NIOSH Study Quantifies "Healthy Years" Lost Due to Hearing Impairment among Workers

Published April 27, 2016

​In a first-of-its-kind study, NIOSH researchers examined the audiograms of more than 1.4 million noise-exposed workers collected by the agency’s Occupational Hearing Loss Surveillance Project to compare the prevalence of hearing impairment across nine industry sectors. The study quantifies the number of disability-adjusted life years—defined as healthy years lost due to a disease or other health condition—attributable to hearing impairment for noise-exposed workers in the U.S.

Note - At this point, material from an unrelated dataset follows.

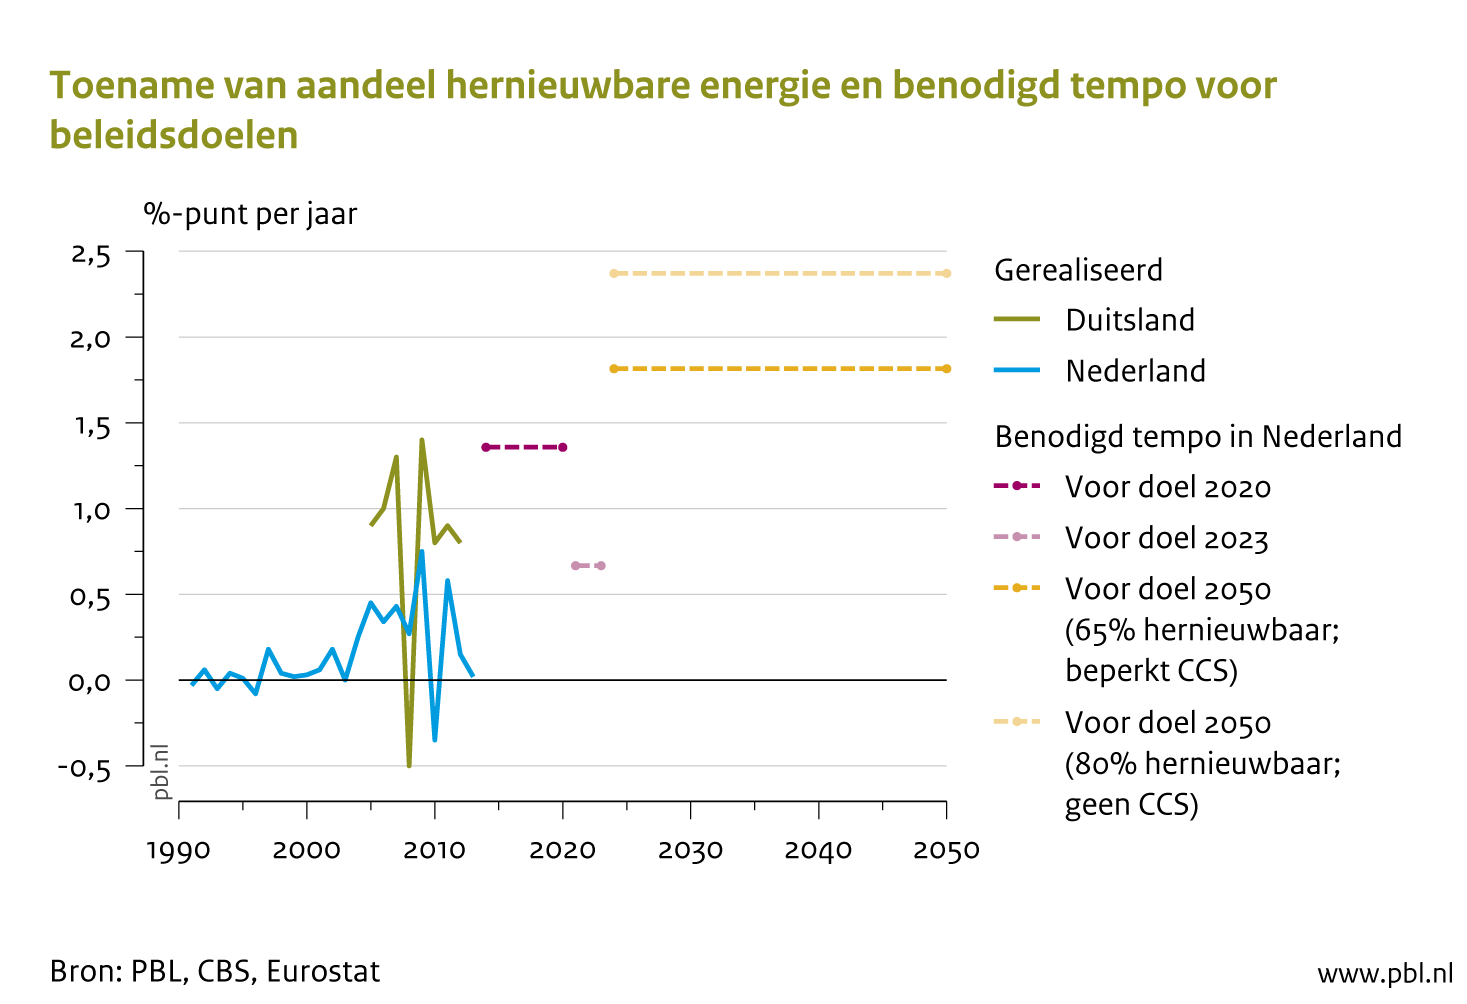 Het Nederlandse aandeel schone energie moet vanaf 2020&nbsp;toenemen met 2 procentpunt per jaar. Dat percentage wordt tot op heden bij lange na niet gehaald.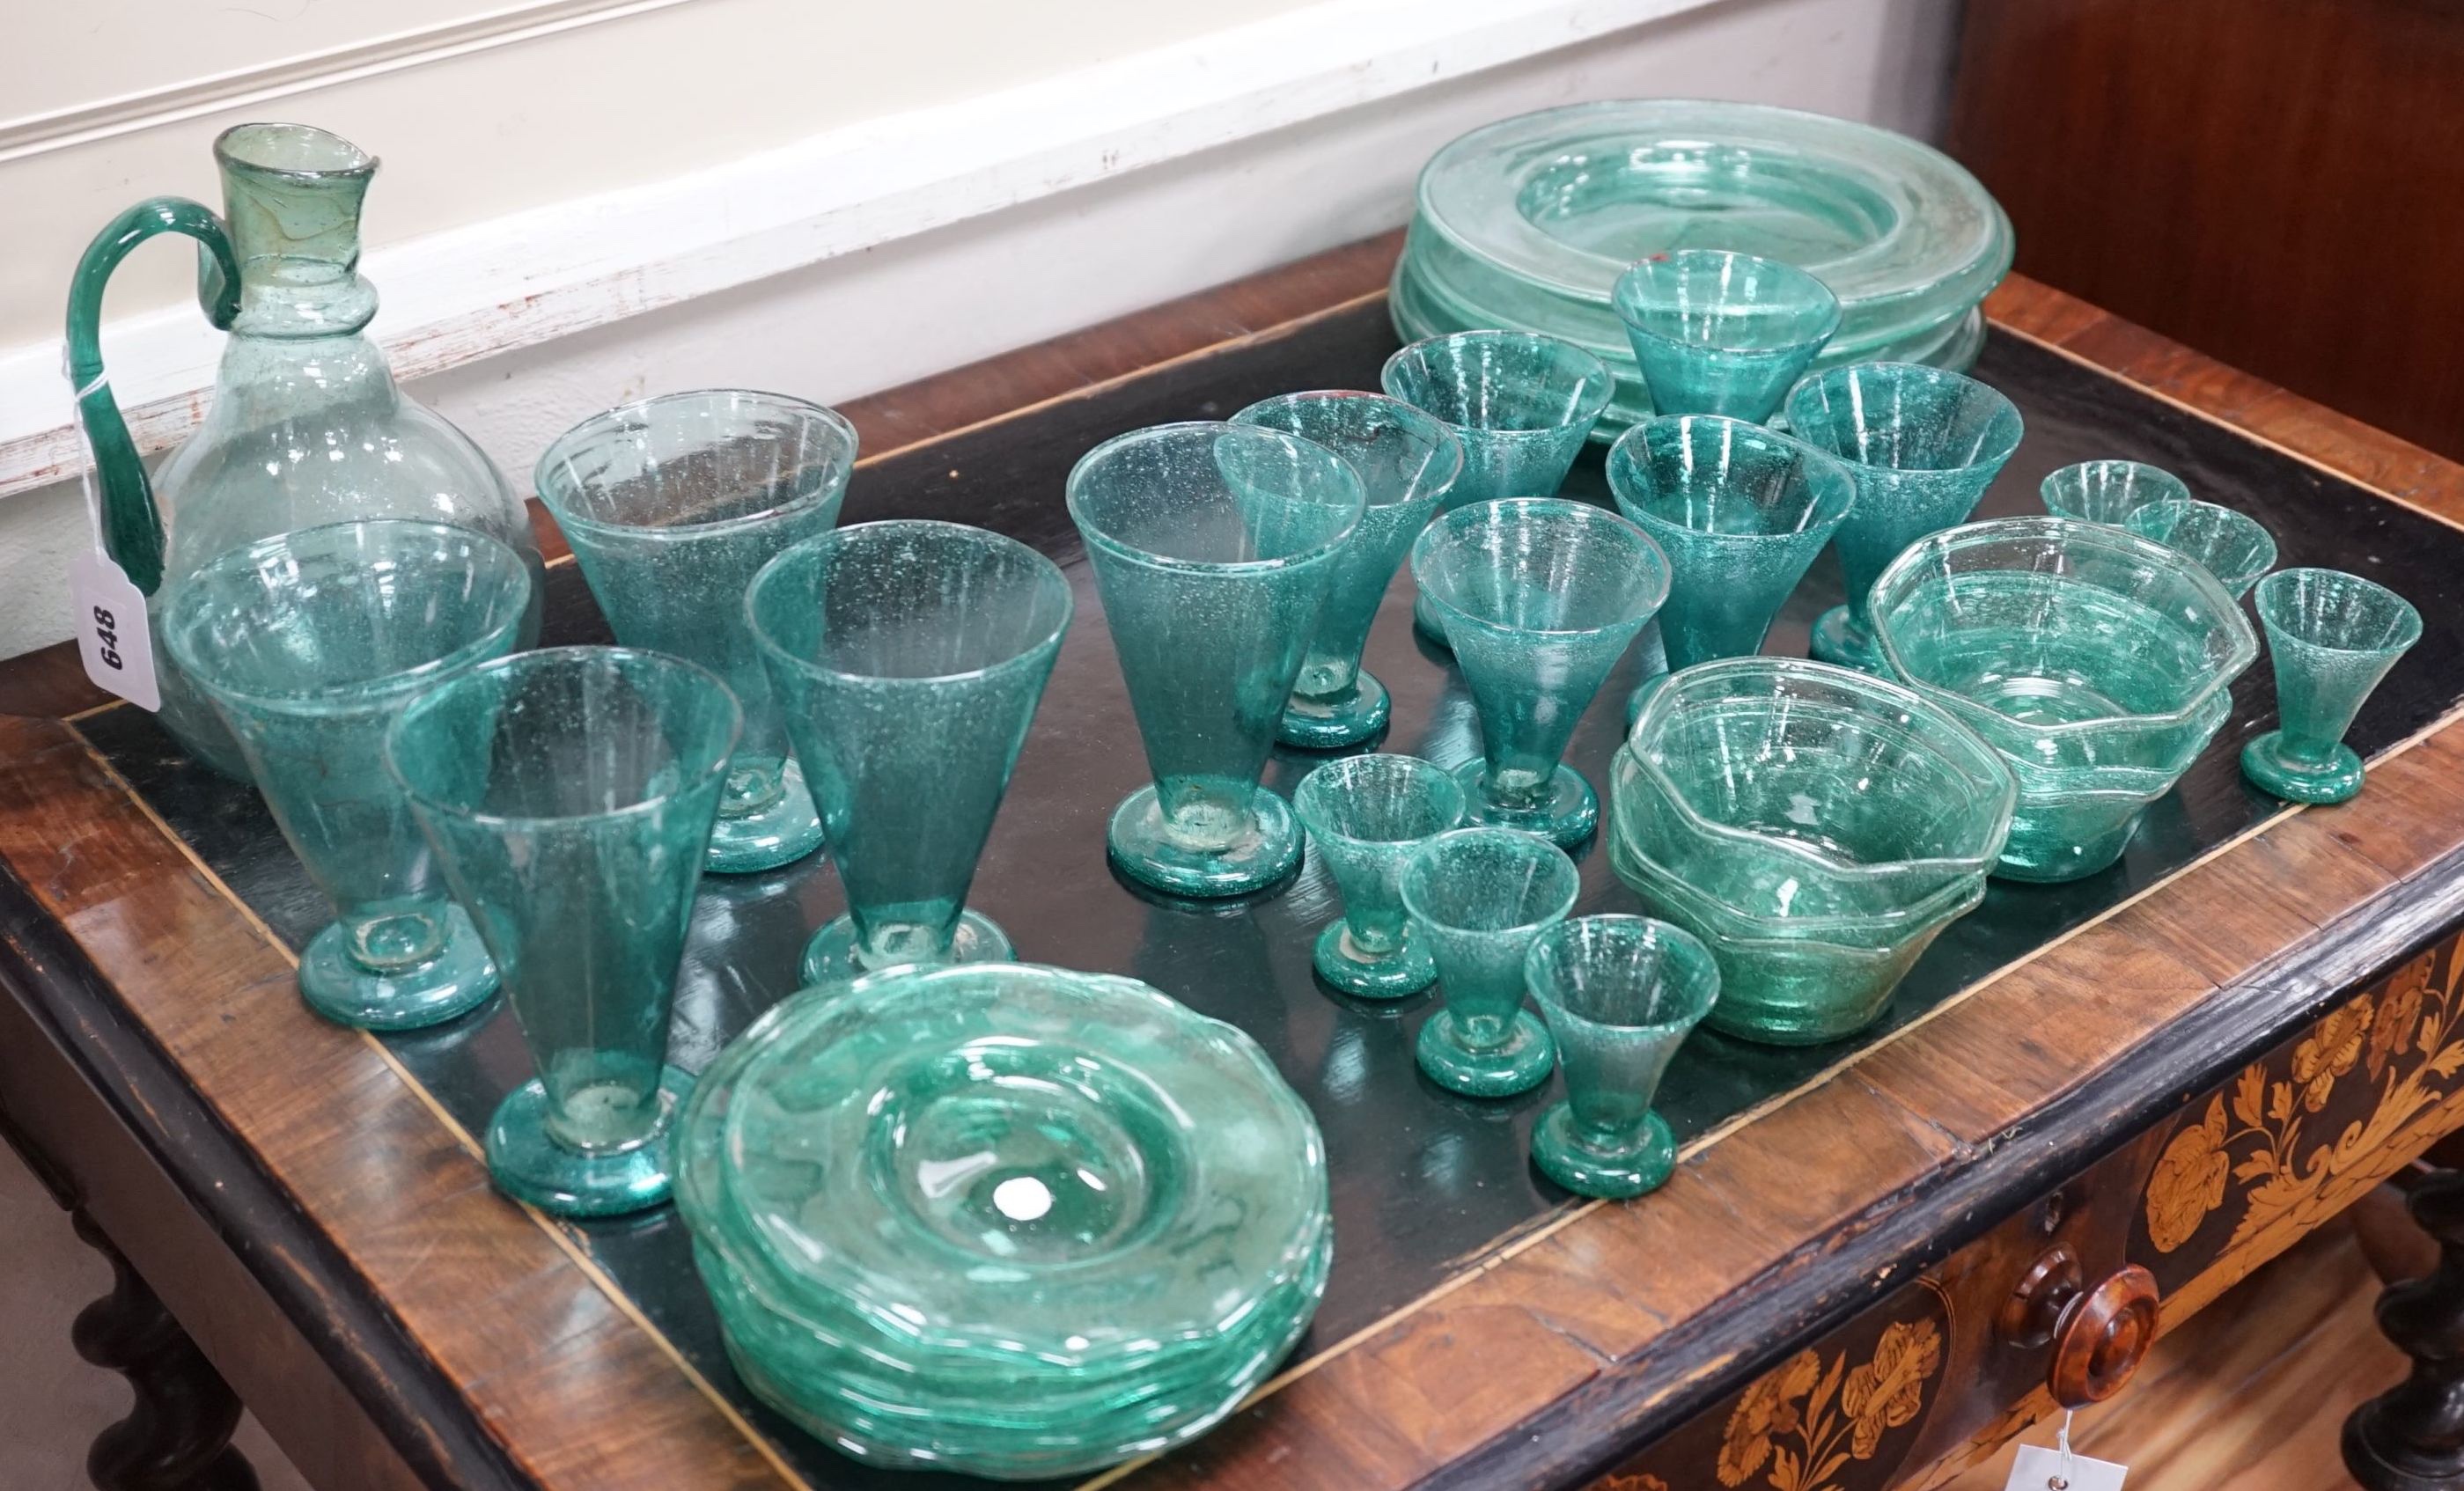 A quantity of green glassware

NIOSH researchers found that hearing impairment caused the annual loss of approximately 2.5 healthy years per 1,000 noise-exposed workers across all industries during 2003–2012. Workers in the mining, construction, and manufacturing industries lost even more healthy years, with miners losing nearly 3.5 years each year for every 1,000 workers, construction workers losing about 3.1 years, and manufacturing workers losing approximately 2.7 healthy years. Public safety workers, including police protection, fire protection, and ambulance services employees, lost 1.3 healthy years per 1,000 workers, the fewest among all workers.

According to the agency, this study is the first to estimate the prevalence of hearing impairment at six severity levels by industry sector. The authors note that hearing loss prevention, early detection, and intervention to avoid additional hearing loss are “critical to preserve worker quality of life.”

“Although lost hearing cannot be recovered, workers can benefit from clinical rehabilitation, which includes fitting hearing aids, learning lip-reading, and adopting other compensation strategies to optimize hearing,” the report reads. “Study results support beginning rehabilitation at a mild level of hearing impairment.”